The Grandchildren of Pulp (Or, How I Learned That Pulp Never Really Died) -- part 1

This week, let's look at pulp again, or more specifically how it has shaped and affected everything that came after it.To get the low-down we went to Bill Cunningham, a pulp writer and aficionado.

What happened to the heroes of the pulp era as the 30s became the 40s and 50s, and how did they change?

Bill: They changed because society changed. We went from a Great Depression to a second world war. We also became more sophisticated and media savvy. Radio and TV filled a portion of our lives that wasn't there before.

How did this change reflect the changing times and what readers were looking for from popular stories? And at which point do you feel pulp shifted toward the more gritty and bleak version called noir? What triggered that?

Bill: First off - there has never been a literary movement called "noir." The source of what you are referring to is "FILM noir" which is a french term describing the post-war, bleak crime cinema coming out of the USA and England from 1949 onward. It's a term used by film critics and misused by everyone else. The term came about from the bleak way the films were lit -- primarily due to the fact that they were mostly cheap crime films shot in 9 days or so. There wasn't any time to use fill lights so the images ended up being very shadowy and stark. Ingeniously enough the look modeled the storytelling in the movies.

In France and across Europe they adopted a term called "roman noir" which means "black novel", and is again modeled after film noir which itself is modeled after the hard-boiled writers like James M. Cain, Thompson, et al...

Interestingly enough, Italy created an offshoot called the "giallo" (jee-all-oh) which were bloody thrillers featuring remorseless killers and driven detectives and other types of broken heroes, many of who had to overcome their own major psychological problems in order to solve the crime or save their own lives. The name giallo comes from the italian word for "yellow" the color of the covers of these grisly thriller books.

Germany had "krimi" thrillers....

Post war America fostered a lot of crooks and people started to understand psychological terms like "PTSD" though they called it "shell shock." The world was no longer black & white, but a very bleak gray landscape. This contributed to the HARD-BOILED genre fiction of the time (Mike Hammer) as writers realized they could tell stories where the hero doesn't always win. It was a flip of the pulp standard.

You'll also note this time was the rise in paranoia over communism and the potential annihilation of everyone on the planet via nuclear weaponry. We understood the sword of Damocles we had hung above our own heads.

Between the heyday of noir and the birth of new pulp, what was going on in the publishing world that still carried on the tradition of the classic pulp story? Were they simply dead and gone, or was some other type of fiction keeping the "faith" alive?
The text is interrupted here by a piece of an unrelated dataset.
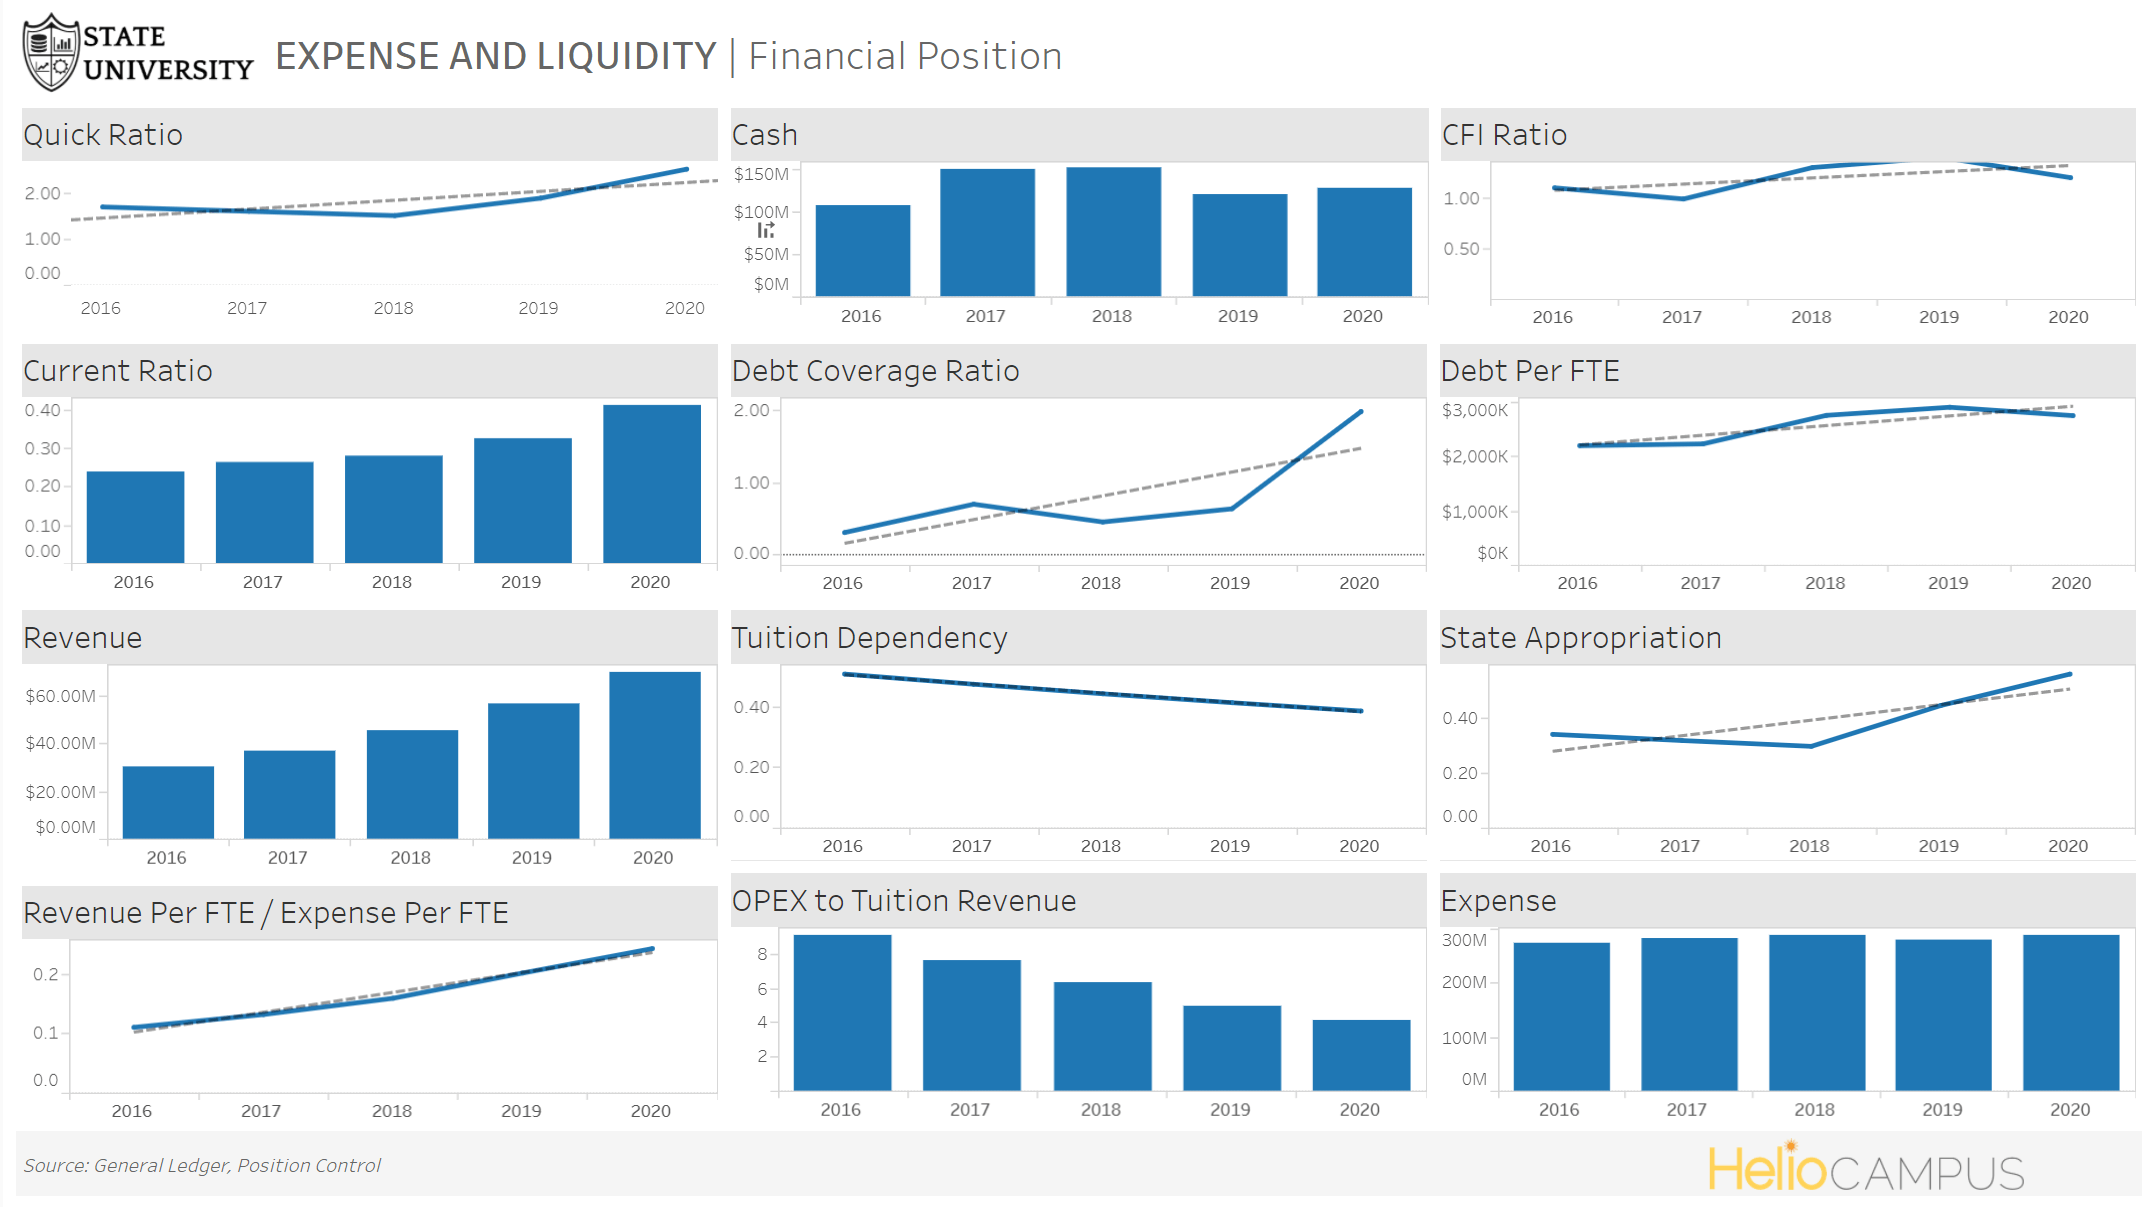 Image of multiple line and bar graphs comparing various financial statistics

Bill: Well, hard-boiled fiction was derived from the pulp ficition of earlier which evolved into the paperback fiction and so forth. Pulp has never "died" -- it has evolved.

Finally, what are the proofs in popular fiction today that pulp style and tone is here to stay, no matter what the marketers call it?
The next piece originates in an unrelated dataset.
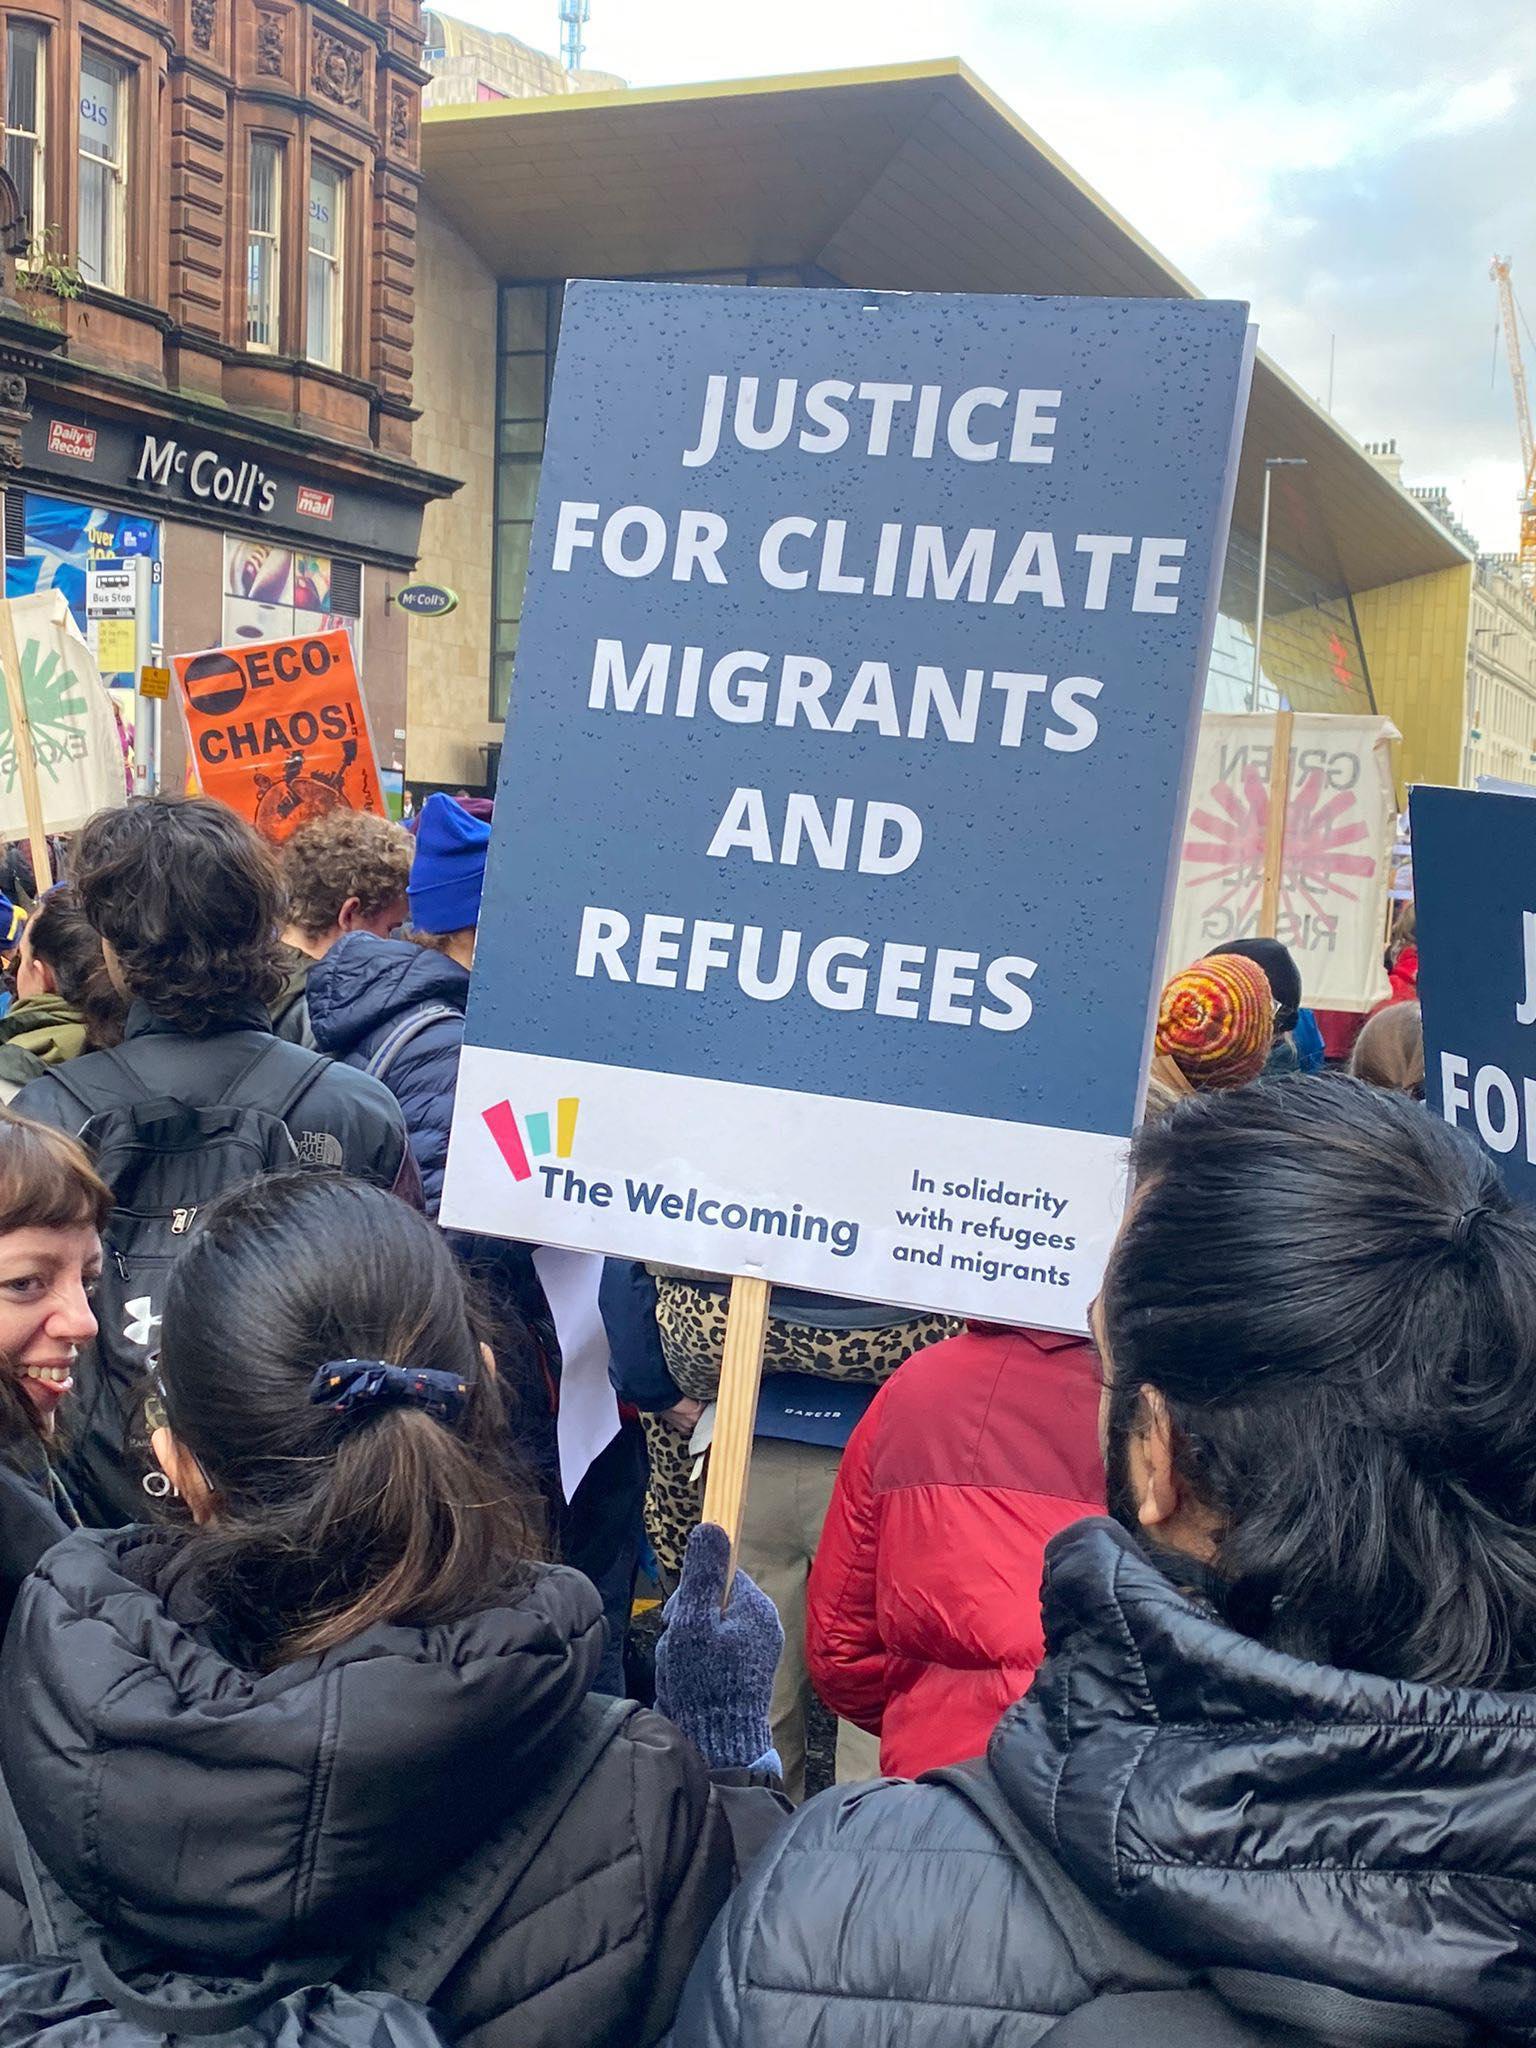 Justice for climate migrants and refugees

Bill: The Executioner books are still selling.... Tom Clancy's work - through well-researched - is still dealing with fantastic scenarios. Jeff Rovin, one of the ghost writers for Clancy's OP-Center, and Splinter Cell series has often referred to those books as adopting the Doc Savage and five assistants model.

On TV we have Person of Interest which is The Shadow (if Burbank ran things), 24 which follows the pulp formula of escalation, and Leverage which is another five person model with roots in the pulp world.